Tour de France, seconda tappa consecutiva per Tadej, oggi a segno a La Planche des Belles Filles dopo un esaltante testa a testa con Jonas Vingegaard. Primoz Roglic terzo, Lennard Kämna ripreso a 80 metri dal traguardo


Allora, primo comandamento della giornata: basso profilo. Per quanto ricco, il vocabolario italiano resta comunque un insieme finito di parole, per cui iniziamo a tenere a freno le iperboli e a risparmiare sugli aggettivi, perché questo qui non ha nemmeno 24 anni, è all'inizio della carriera, e non possiamo terminare i termini prima dei termini previsti perché poi non sappiamo più che parole scrivere per descrivere la sua grandezza; se a spanne gli attribuiamo un'altra decina d'anni di gioie e trionfi capiamo la dimensione del problema linguistico. Per cui, stile asciutto modello DDR anni '70, limitiamoci alla notizia: Tadej Pogacar ha vinto a La Planche des Belles Filles la settima tappa del Tour de France 2022.

Quanto al modo in cui lo sloveno s'è imposto, nulla di particolare: una volata in salita con Jonas Vingegaard, decisa al fotofinish (essere superato a 10 metri dal traguardo su una rampa al 24% equivale a perdere uno sprint al fotofinish, è evidente), e con l'abbuono sommato ai pochi secondi di distacco distribuiti a tutti gli altri contendenti (escluso Vingegaard che ha fatto st) la possibilità di allungare in classifica. Una normale giornata da Pogacar, in pratica. Vince in maniera spettacolare in salita, rafforza la maglia gialla.

Il pupazzetto mannaro nato a Klanec il 21 settembre del 1998 fa sembrare semplice qualsiasi cosa.

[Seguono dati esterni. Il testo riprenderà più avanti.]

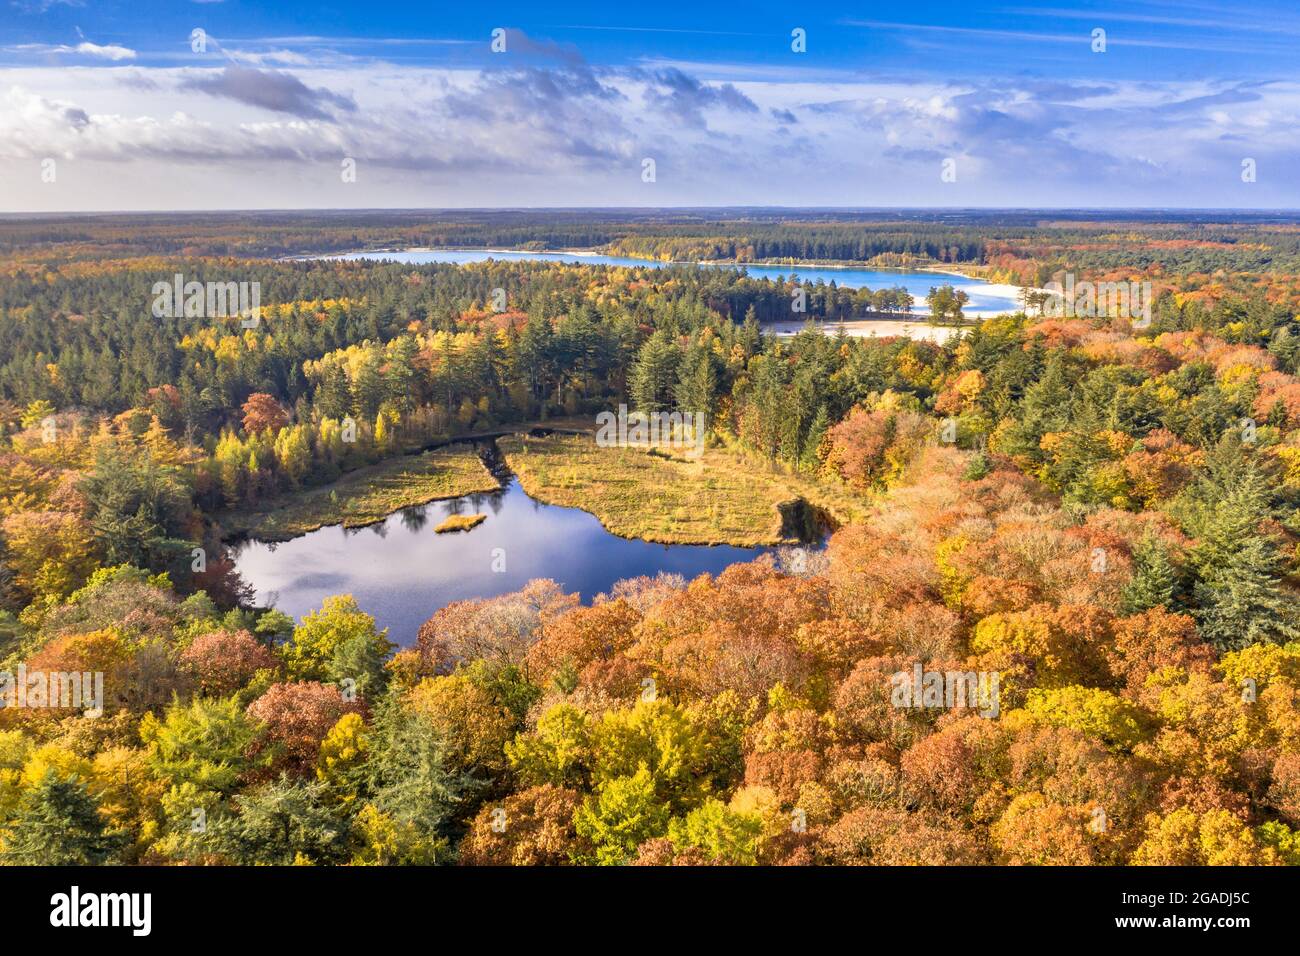 Luftaufnahme von Seen im Herbstwald in Gasselte, Drenthe. Landschaftsbild in der Natur europas. Stockfoto

Attaccare sul pavé, 24 ore dopo vincere su una salitella contro gente nata sprinter, altre 24 ore dopo conquistare in maglia gialla un arrivo in salita durissimo dopo uno spettacolare testa a testa (anzi, denti a denti) con il primo dei rivali di classifica, peraltro ripetendosi proprio nel luogo in cui fece clamorosamente irruzione nell'albo d'oro, due anni fa... e chissà cos'altro, nel prosieguo di questo Tour che sin dal primo giorno vive nel suo nome, nel suo segno, sin dal terzo posto nella crono di Copenaghen, quando immediatamente tutti hanno capito (molti già lo sospettavano però) che in questa Grande Boucle 2022 avremmo certificato un altro step, un altro scalino all'insù del capitano UAE. Com'era peraltro naturale che fosse, a quasi 24 anni, appena alla quarta stagione da professionista, è ovvio migliorare anno per anno. È normale. Anzi no: è semplice.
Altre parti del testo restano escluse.